Japanese corporates face bumpy ride in SE Asia infrastructure projects, warns S&P

July 28, 2014

TOKYO –A confluence of Southeast Asia’s need for new investment in infrastructure and Japanese Government efforts to crank up Japan’s economy is encouraging Japanese companies to pursue infrastructure projects in the region – but there are challenges ahead, says ratings agency Standard & Poor's in a new report.

“Infrastructure requirements in Southeast Asia include power plants, transmission and distribution facilities, and intra-city transit systems,” says the report. “Such projects are a promising source of income for Japanese corporates at a time when most domestic technology companies are losing their competitiveness in export-oriented high-tech hardware businesses.

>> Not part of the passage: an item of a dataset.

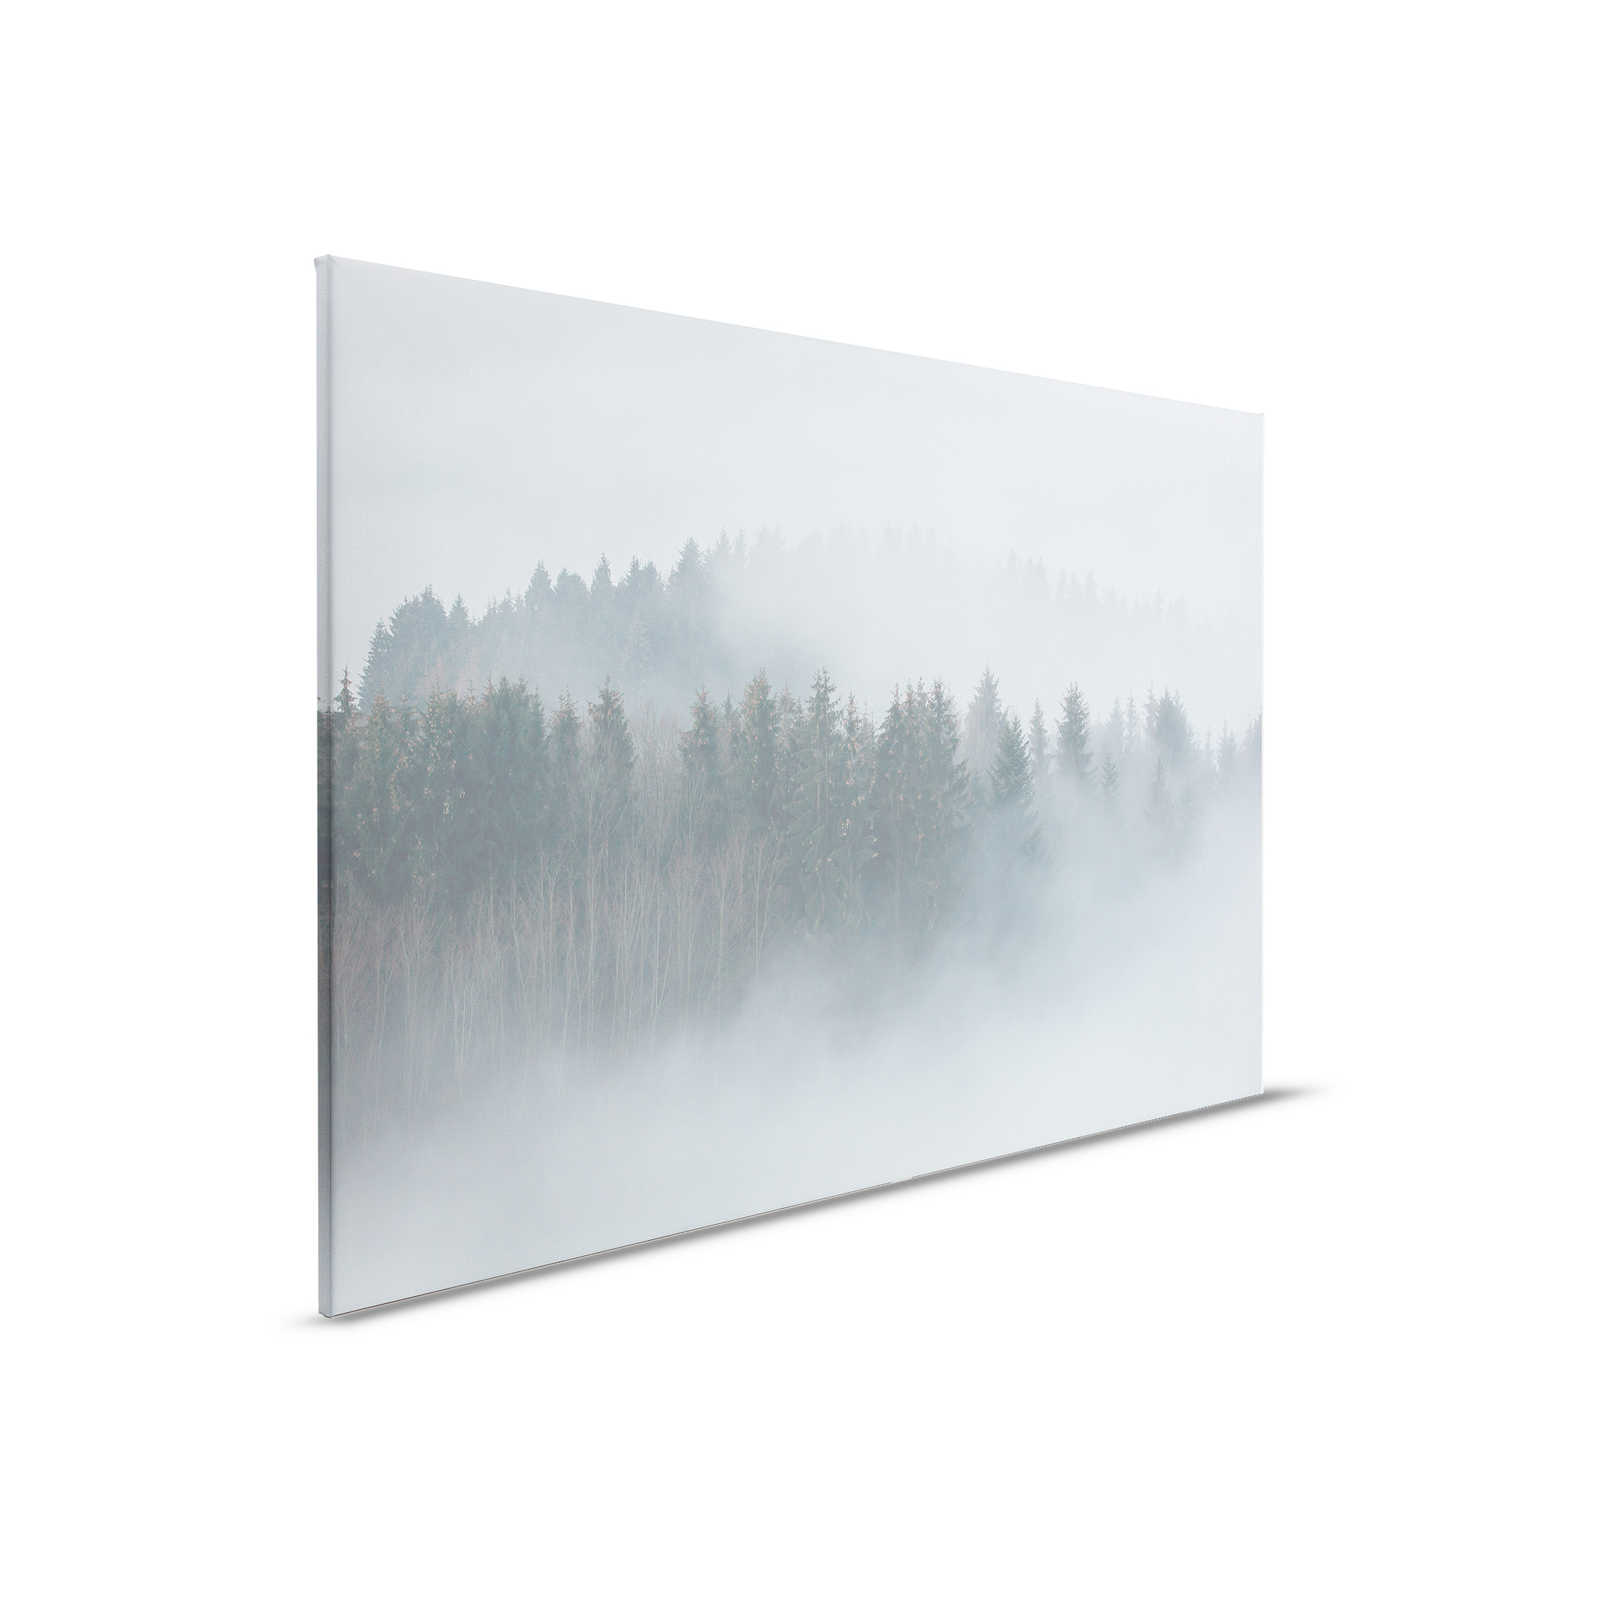         Leinwand mit geheimnisvollem Wald im Nebel – 0,90 m x 0,60 m

“Because infrastructure projects have become larger and more complex, Japanese companies are working together, in consortium, to secure more contracts in the region. However, Southeast Asia's growing infrastructure business is attracting plenty of competition from larger Western rivals, which have stronger customer bases and better track records, and from highly cost-competitive Chinese and Korean rivals.

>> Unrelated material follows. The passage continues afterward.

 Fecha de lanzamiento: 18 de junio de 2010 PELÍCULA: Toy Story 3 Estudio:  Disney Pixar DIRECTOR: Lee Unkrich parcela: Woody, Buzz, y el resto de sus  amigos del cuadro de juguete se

“Standard & Poor's believes Japanese capital goods companies, core players in consortia, will need to strengthen their risk management systems and improve their profit margins, with a shift to more stable operational and after-service business from hardware sales, to offset higher business risk in such projects and to maintain their creditworthiness”.

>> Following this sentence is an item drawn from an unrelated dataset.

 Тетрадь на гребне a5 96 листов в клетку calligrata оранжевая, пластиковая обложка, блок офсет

The report says that, until now, Japanese consortia have raised adequate financing in the form of project loans from lender banks, including Japanese megabanks, and direct lending from export credit agencies.
“However, as funding requirements grow to meet the demands of larger projects, new regulatory requirements may force key Japanese banks to become more cautious and restrict funding in the medium term, S&P says. “Consequently, finding new sources of financing would become a fresh challenge.
“Recently, we have seen signs that Japanese pension funds and second-tier banks aim to enter the market as new funding providers. However, we believe they will find this difficult and will take time to realise their aspirations.”  www.standardandpoors.co.jp (ATI).